É um produto que tem como base o framework do WeChat. Ele habilita qualquer empresa a replicar um ecossistema de superaplicativo igual ao WeChat. Imaginamos que os interessados são de três grandes setores: governo, setor financeiro e empresas de telecomunicação. São os principais focos porque eles já têm grandes bases de clientes.

O WeChat domina o mercado na China. Com vários superapps no Brasil, não criaria uma concorrência entre eles?

Concordo. Se existirem vários superapps, a gente pode cair na mesma situação que temos hoje. Mas o ponto aqui são os miniaplicativos, que não têm uma correlação com um único superaplicativo. As empresas podem criar esses miniapps que podem estar ligados a superapps de outros negócios. Essa é a grande sacada do WeChat. O que pode acontecer no Brasil é justamente isso: as empresas entregarem seus miniapps ao superapp de outras empresas.

Como funciona o pagamento com a palma da mão e qual a previsão de trazer para o Brasil?

É um dispositivo com duas câmeras. Uma faz a leitura do formato e das linhas das mão. A outra é uma câmera térmica que identifica o calor nas veias das mãos. É um sistema muito mais seguro que a identificação biométrica facial.

João Carlos Chachamovitz, CEO da Radix

Nosso sistema é completamente antifraude em um momento em que a biometria por face tem se tornado mais sensível. Temos casos (dessa tecnologia) rodando na China e em outros países, como a Indonésia. É usada principalmente em locais como academias, aeroportos, parques de diversão e hotéis.

Para o serviço começar a operar no Brasil, ainda precisamos de uma certificação de comercialização da Anatel. Estamos nessa fase, ainda não temos previsão de quando será aprovado, mas temos um foco bastante grande nisso. Nosso objetivo é lançar até o fim deste ano. Queremos ter o sistema em operação o mais rápido possível até porque já está pronto.

Que mercado enxerga no Brasil para esse serviço?

Você pode instalar os dispositivos nas agências bancárias, nos caixas eletrônicos, nos correios, lotéricas… Poderia ser útil, por exemplo, para realizar a prova de vida (no INSS). Não tem maneira mais assertiva de autenticar a identidade de uma pessoa do que pela mão dela, viva, pulsando. É isso que é revolucionário. Podemos usar também em transporte público, aeroportos… O que imagino é o que houve na China, um país que há anos não depende de dinheiro físico e muito menos de cartão de crédito.

Esses dados financeiros interligados são bastante sensíveis. Como a Tencent garante a segurança?
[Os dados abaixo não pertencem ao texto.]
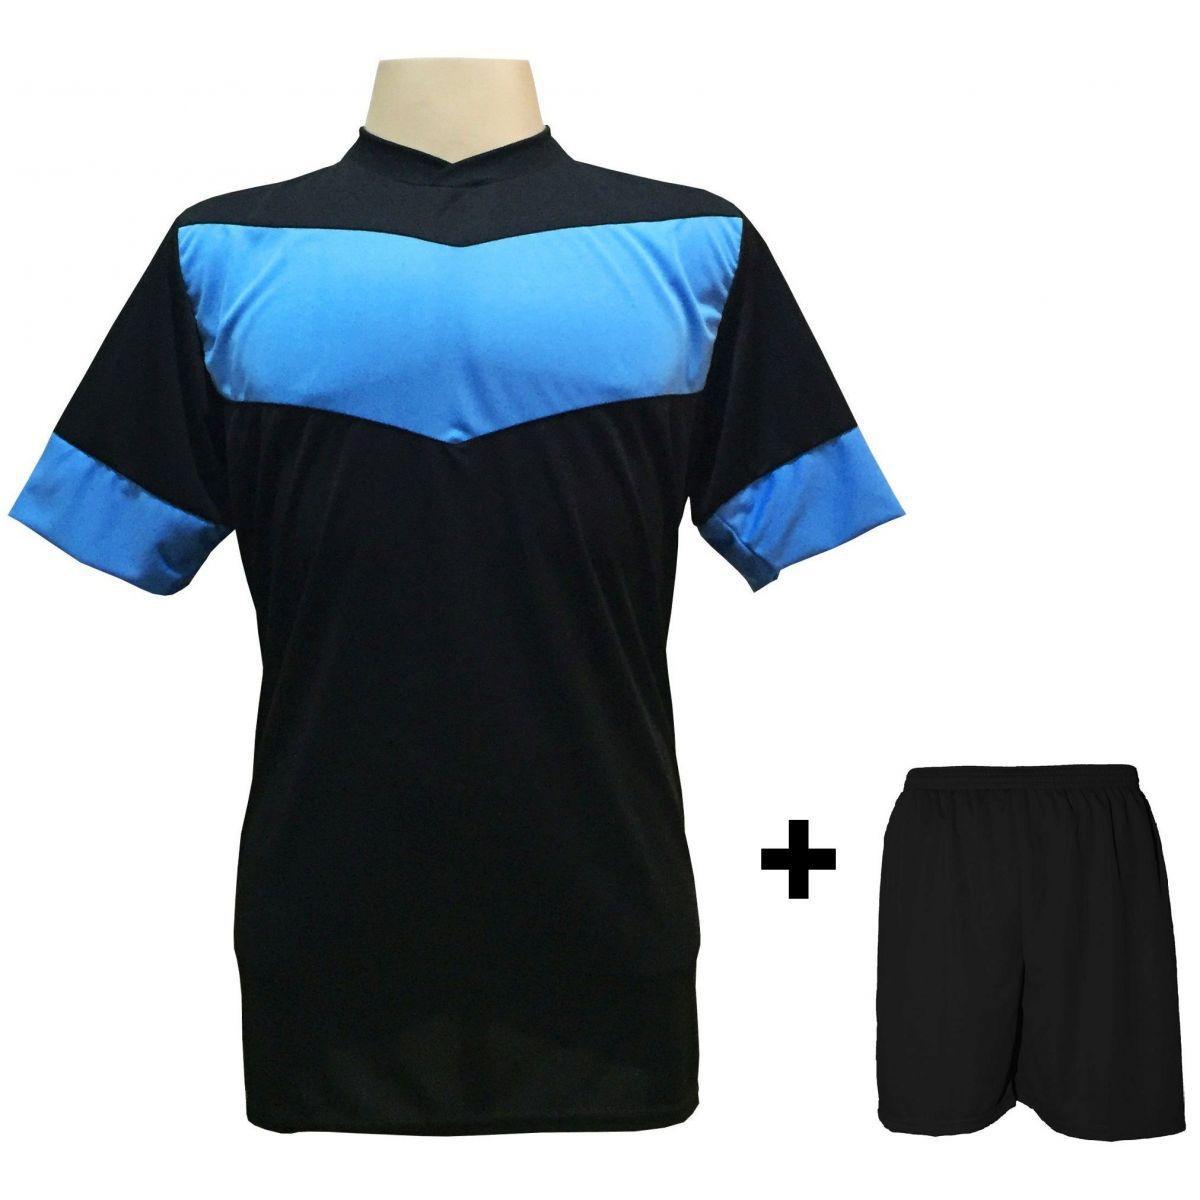 34bc51789f0df Uniforme Esportivo com 18 camisas modelo Columbus Preto Celeste + 18  calções modelo Madrid + 1 Goleiro + Brindes - Gazza - Futebol - Magazine  Luiza

A Tencent, dentro do superapp, não fornece a parte bancária. Não somos bancos e nunca vamos ser. Nossa ideia não é gerenciar dinheiro. Isso continua sendo função do banco. O que vamos fornecer é uma plataforma aberta de transação entre dois mundos que é o banco versus os serviços que eles podem integrar a partir de uma forma simples.

A parte bancária continua a ser do banco. Não teremos acesso a informações financeiras. A única coisa que vamos ver são as transações que acontecem no superapp. A Tencent tem todas as certificações que qualquer outro player do Brasil. O que fazemos é a integração.